Bitcoin is becoming a programmable collateral and capital strategy optimization tool. Institutions that recognize this shift will lead the direction of finance in the next decade.
Traditional finance often views Bitcoin’s volatility as a disadvantage, but the recent zero-coupon convertible bonds issued by Strategy (formerly MicroStrategy) tell a different story. Such transactions convert volatility into upside potential: the higher the volatility of the asset, the higher the value of the conversion option embedded in the bond. Subject to solvency conditions, such bonds provide investors with an asymmetric income structure while expanding the treasury’s exposure to value-added assets.
The trend is spreading. Japan’s Metaplanet has adopted a Bitcoin-focused strategy, and France’s The Blockchain Group and Twenty One Capital have joined the ranks of “Bitcoin portfolio companies.” This approach echoes the Bretton Woods-era strategy of sovereign states borrowing fiat currencies and converting them into hard assets. The digital version combines capital structure optimization with treasury value-added.
From Tesla’s diversification of its treasury to companies leveraging their Bitcoin portfolios to extend their balance sheet leverage, these are just two examples of how digital and traditional finance are intertwined. Bitcoin financialization is permeating every corner of modern markets.
Bitcoin as 24/7 collateral. According to Galaxy Digital data, the scale of Bitcoin pledge loans exceeded $4 billion in 2024, and continued to grow in the fields of centralized finance (CeFi) and decentralized finance (DeFi). These tools provide global 24/7 lending channels - a feature that traditional lending cannot achieve.
Structured products and on-chain yields. Today, a range of structured products offer built-in liquidity protection, principal protection or enhanced yield for Bitcoin exposure. On-chain platforms are also evolving: DeFi, which was initially driven by retail, is maturing into institutional-grade vaults, generating competitive returns with Bitcoin as the underlying collateral.

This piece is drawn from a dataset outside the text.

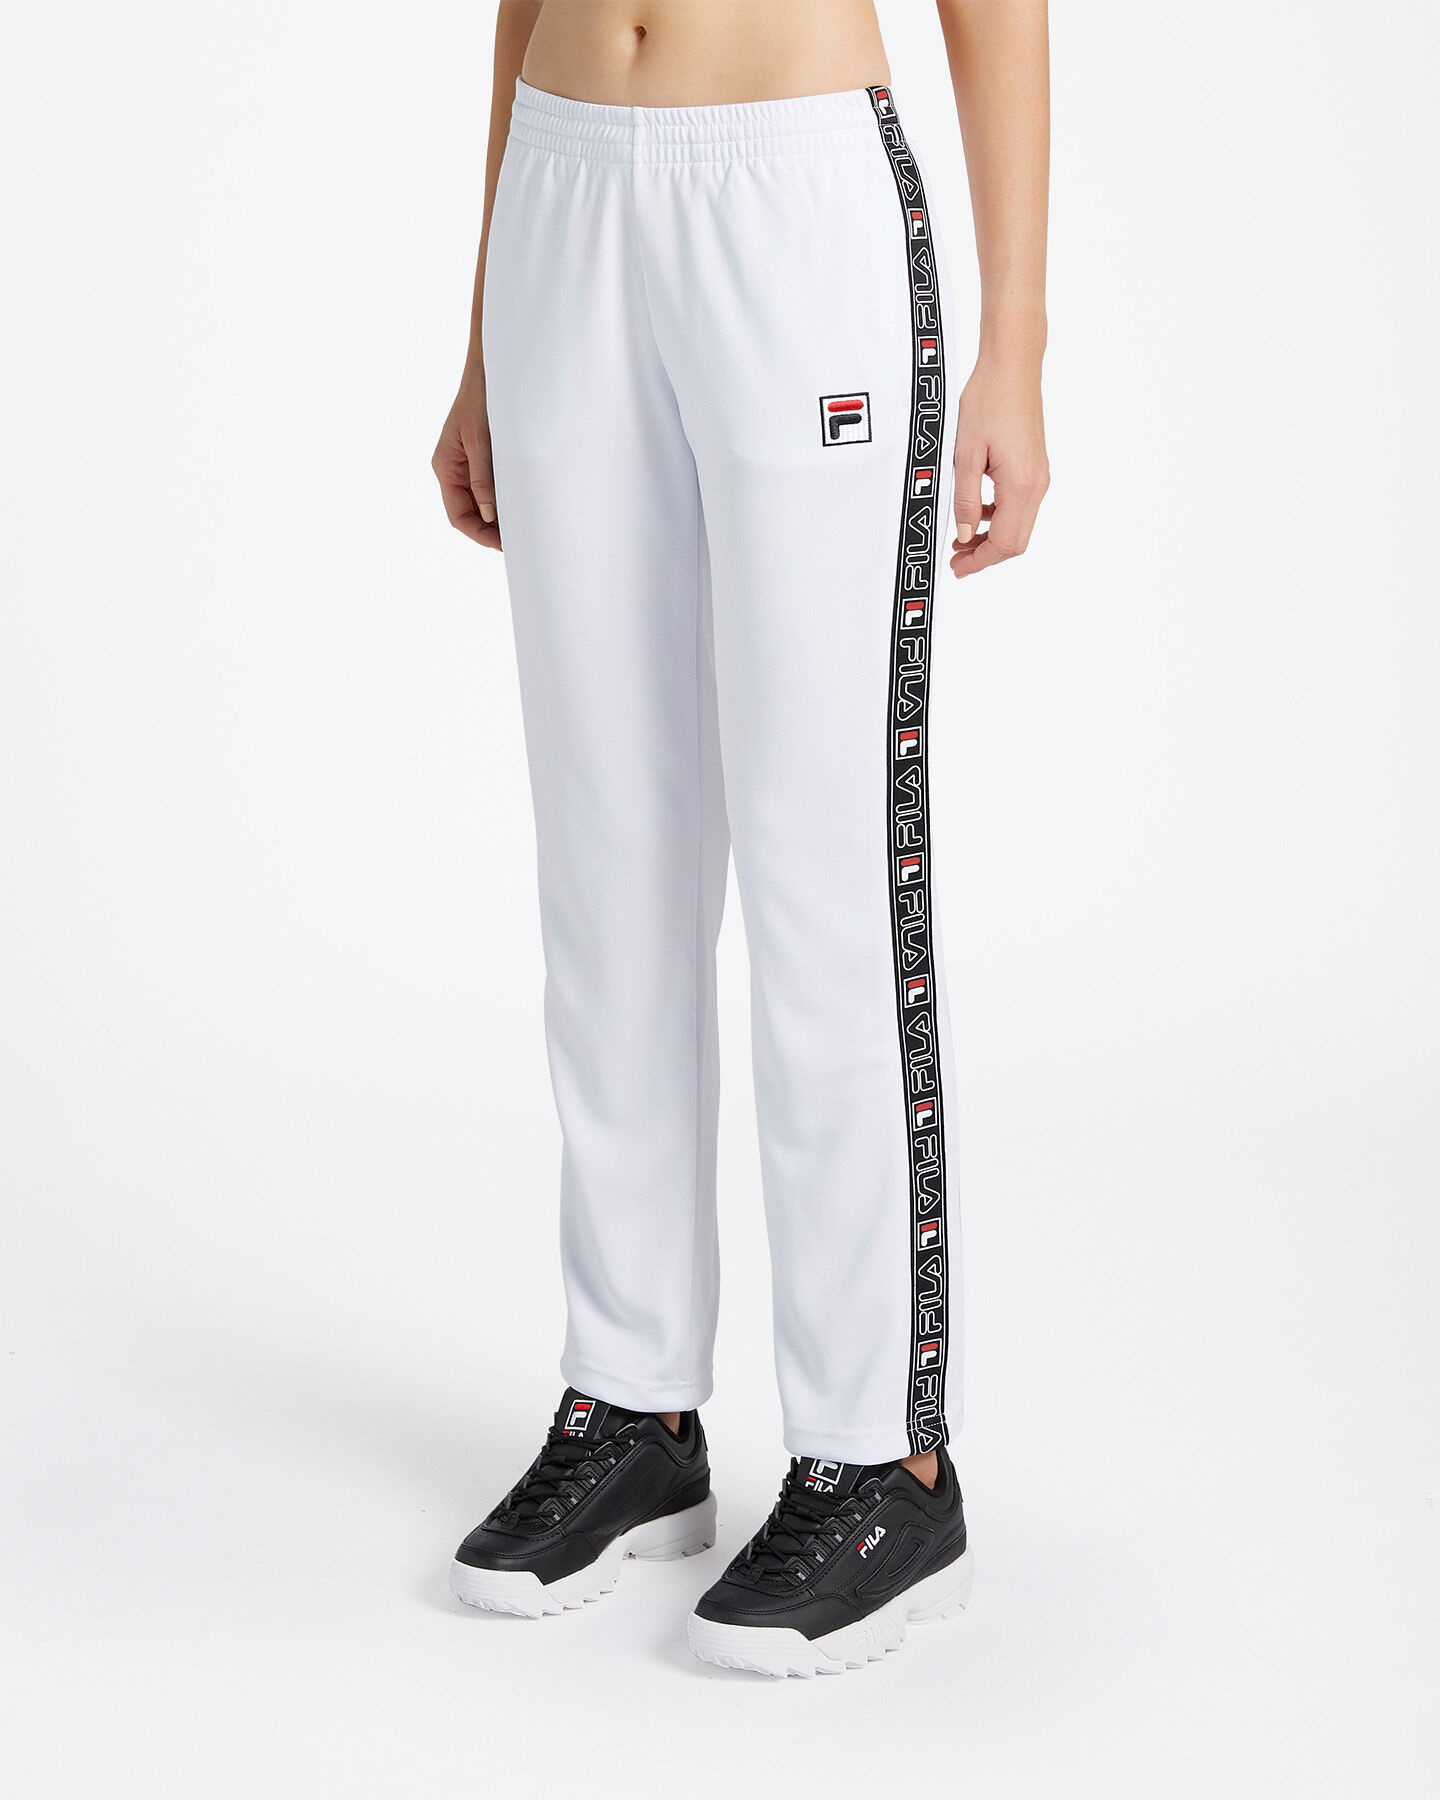 Pantalone FILA CLASSIC BANDA W S4074262 scatto 2

Beyond ETFs. ETFs are just the starting point. As the institutional-grade derivatives market develops, asset tokenized fund wrappers and structured notes add layers of liquidity, downside protection, and yield enhancement to the market.

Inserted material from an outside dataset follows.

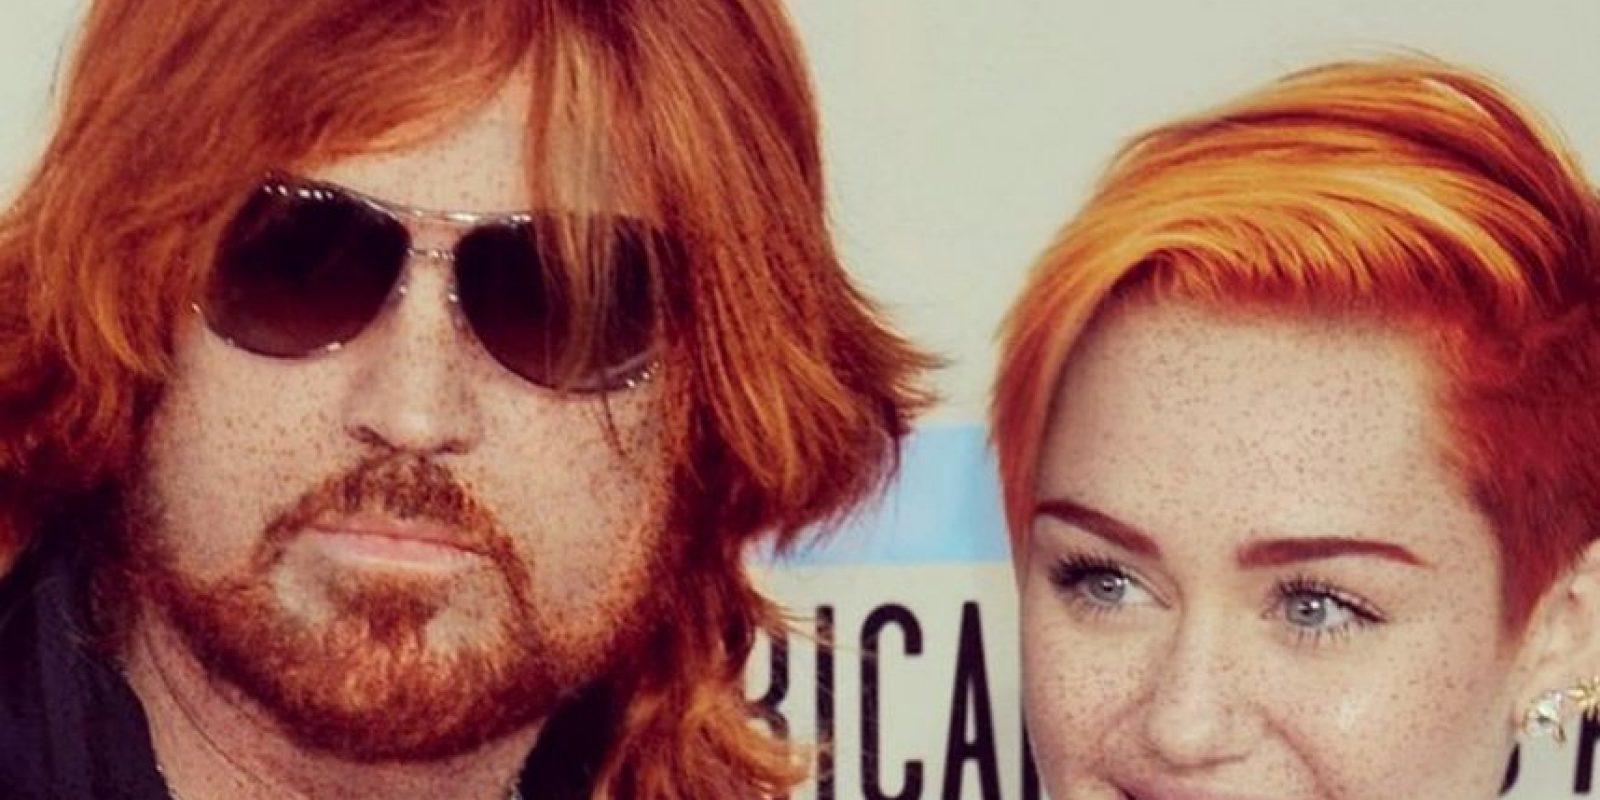 Milli Ray y Miley Cyrus Foto:Vía instagram.com/putarangonit/

Sovereign adoption. When US states draft Bitcoin reserve bills and countries explore "Bitbonds", we are no longer discussing diversification, but witnessing a new chapter in monetary sovereignty.
Regulation is not an obstacle, but a moat for early movers. The EU’s MiCA, Singapore’s Payment Services Act, and the SEC’s approval of tokenized money market funds (MMFs) all show that digital assets can be incorporated into the existing regulatory framework. Institutions that invest in custody, compliance, and licensing today will take the lead as global regulatory systems converge. BlackRock’s SEC-approved BUIDL fund is a clear example: a compliant tokenized money market fund launched within the existing regulatory framework.
Macro instability, currency debasement, rising interest rates, and fragmented payment infrastructure are accelerating the financialization of Bitcoin. Family offices that started with small directional allocations are now borrowing against Bitcoin; companies are issuing convertible bonds; and asset managers are launching structured strategies that combine yield with programmable exposure. The "digital gold" theory has matured into a broader capital strategy.
Challenges remain. Bitcoin still faces high market and liquidity risks, especially during periods of stress; the regulatory environment and the technical maturity of DeFi platforms continue to evolve. However, viewing Bitcoin as infrastructure rather than a pure asset can position investors in a system where appreciating collateral brings advantages that traditional assets cannot match.
Bitcoin remains volatile and not without risk, but with proper controls, it is transforming from a speculative asset to programmable infrastructure, a tool for yield generation, collateral management, and macro hedging.
The next wave of financial innovation will not only leverage Bitcoin, but will be built on top of it. Just as the Eurodollar revolutionized global liquidity in the 1960s, Bitcoin-denominated balance sheet strategies may create a similar impact in the 2030s.